A method for the quantitation of nucleotides (adenosine 5'-monophosphate (AMP), guanosine 5'-monophosphate (GMP), uridine 5'-monophosphate (UMP), cytidine 5'-monophosphate (CMP), and inosine 5'-monophosphate (IMP)) in infant formula was developed by hydrophilic interaction chromatography with tandem mass spectrometry (HILIC-MS/MS). The internal standards used (AMP-C-13(10), N-15(5); GMP-C-13(10), N-15(5); UMP-C-13(9), N-15(2); CMP-C-13(9), N-15(3)) were prepared with centrifugal ultrafiltration (CUF). Data acquisition was achieved by using multiple reaction monitoring (MRM) of product ions of protonated molecules of the five nucleotides generated by the positive-ion ESI. HILIC conditions were performed with 30 mmol/L ammonium formate in water (pH 2.5, adjusted with formic acid) and methanol.
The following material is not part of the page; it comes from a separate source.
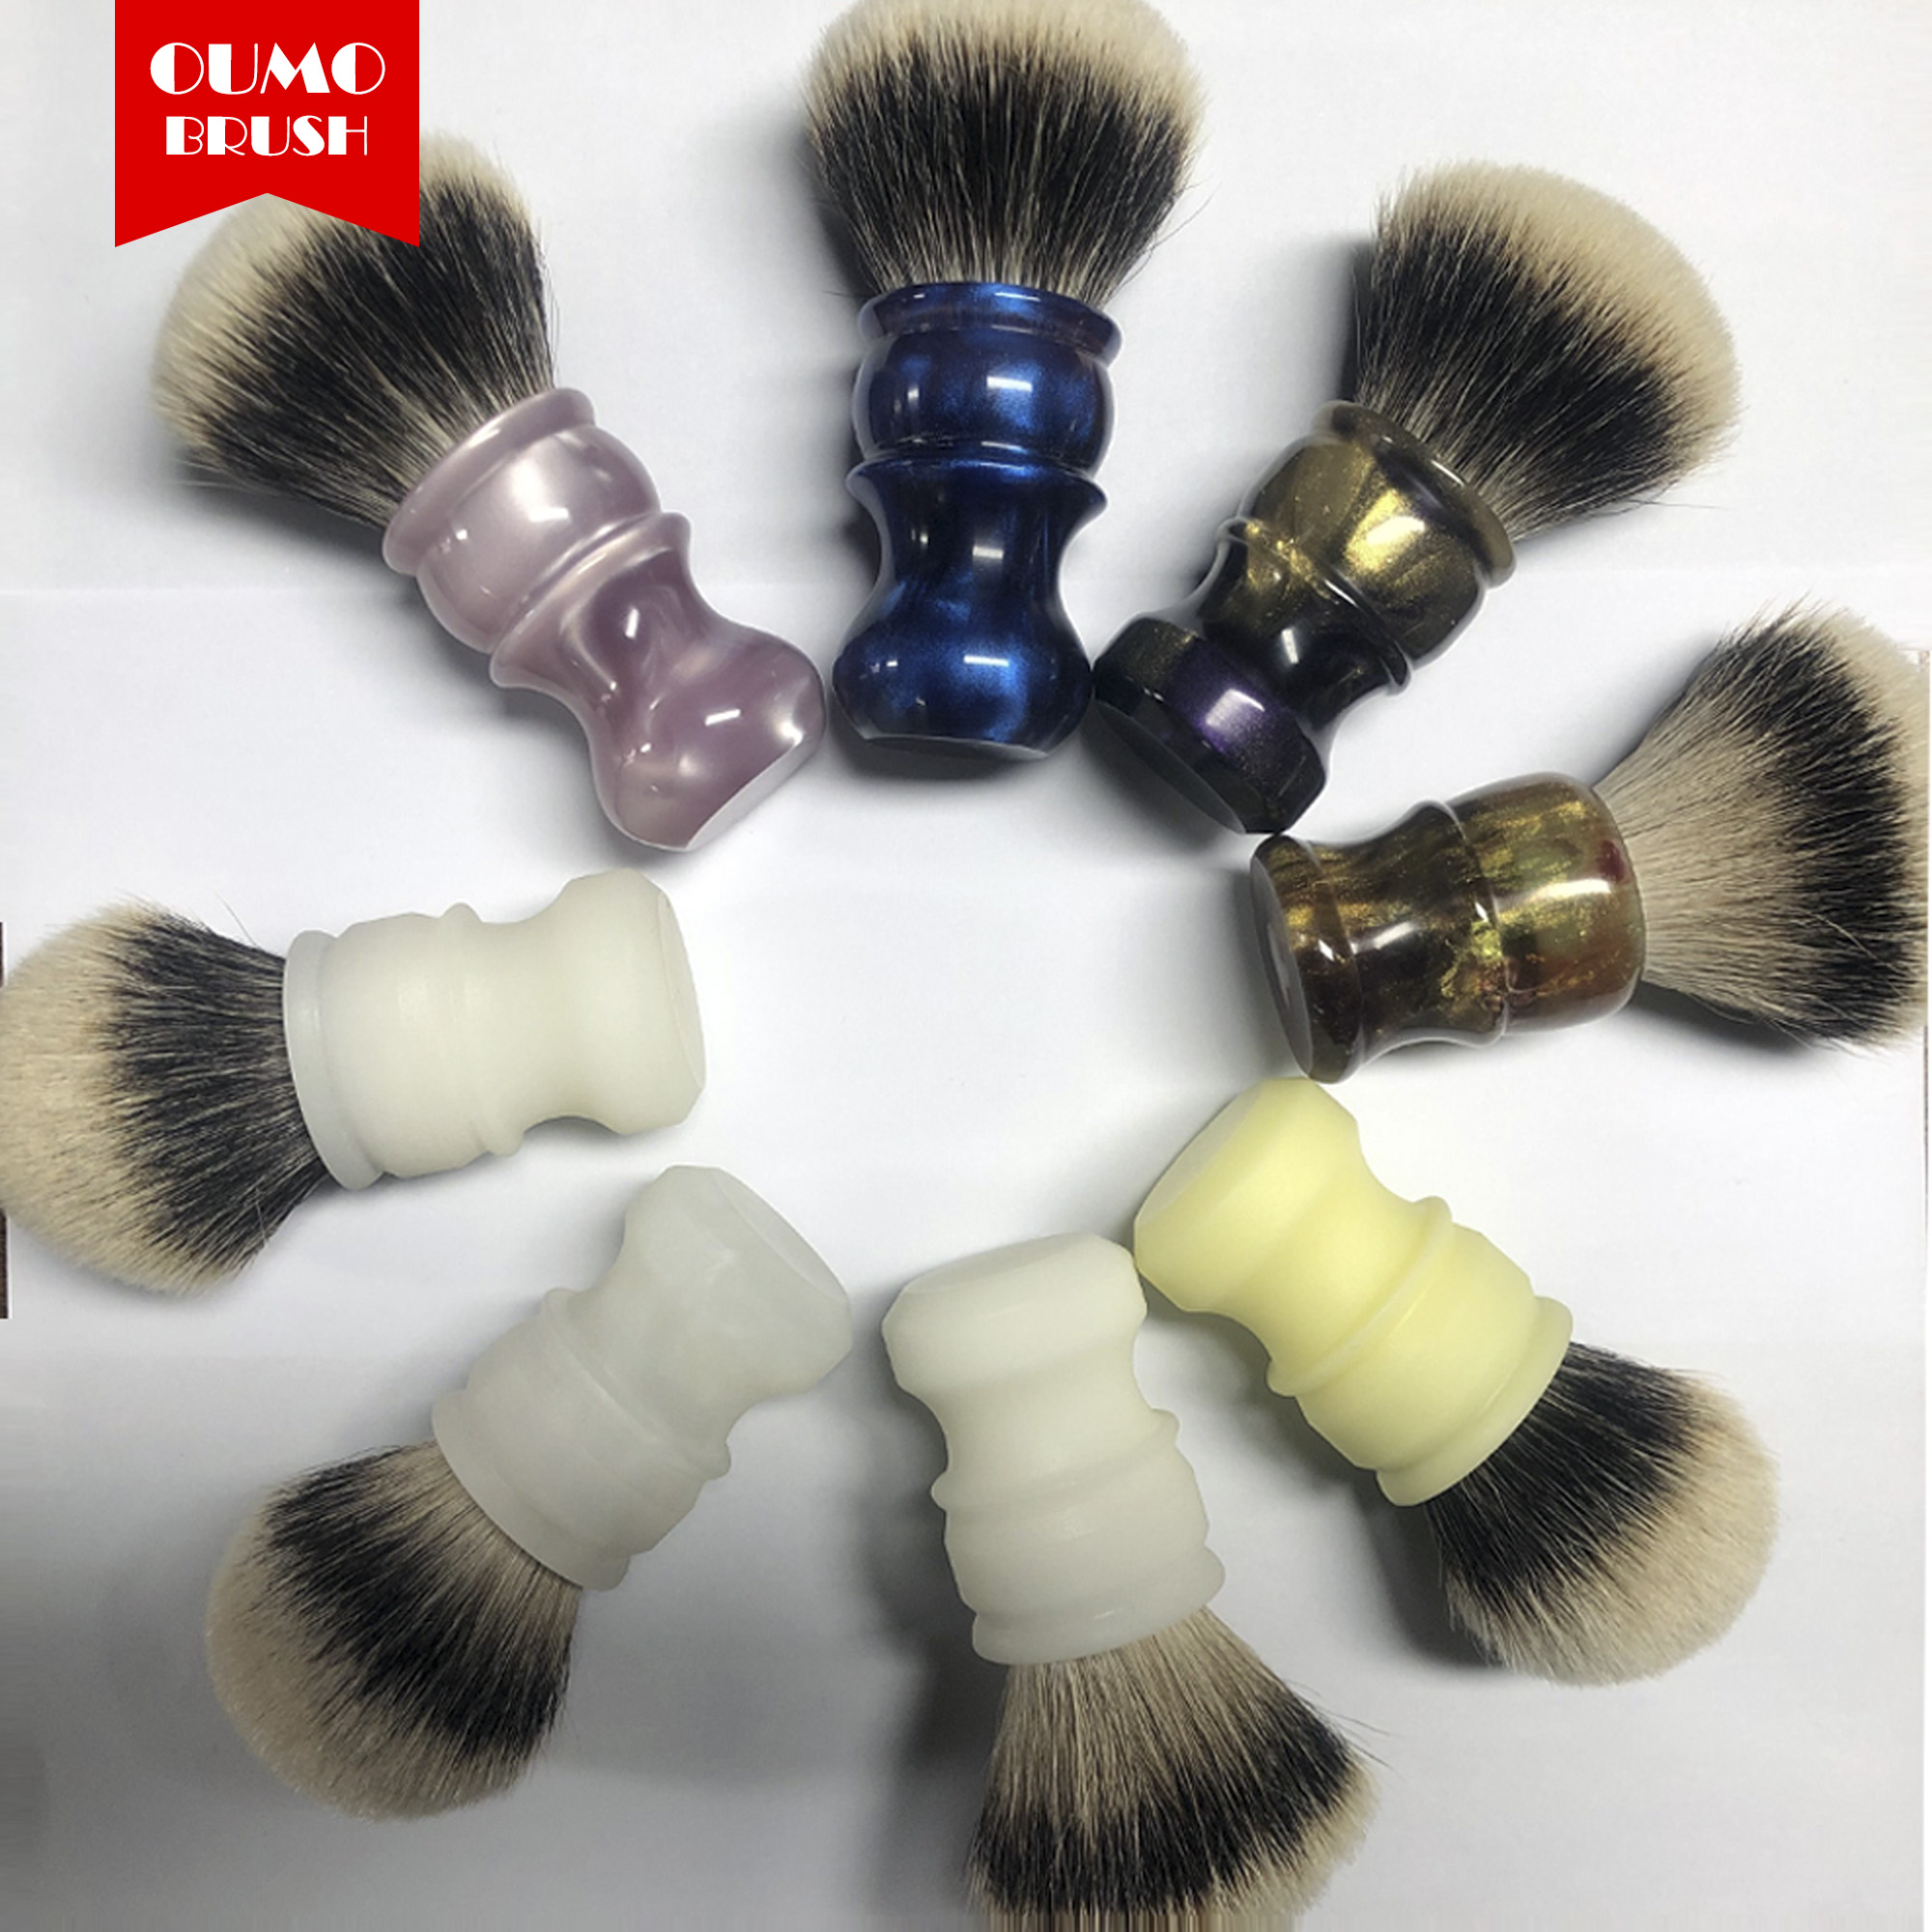 OUMO BRUSH-promotion Handmade Shaving Brush With Silk HMW And Manchuria Knot

The LOD and LOQ were 5-10 mu g/mL and 10-30 mu g/mL for standard solution, respectively. Recovery for intra- and interday assays ranged from 98.1 to 108.9% (RSD: 0.7-5.4%) spiked with three concentration levels (5, 25, and 250 mu g/g powder infant formula). This method could be applied for the determination of nucleotides in infant formula samples. The detected concentrations of five nucleotides ranged from not detected (n.d.) to 278 mu g/g powder infant formula. The total nucleotide level ranged from n.d. to 600.2 mu g/g powder infant formula.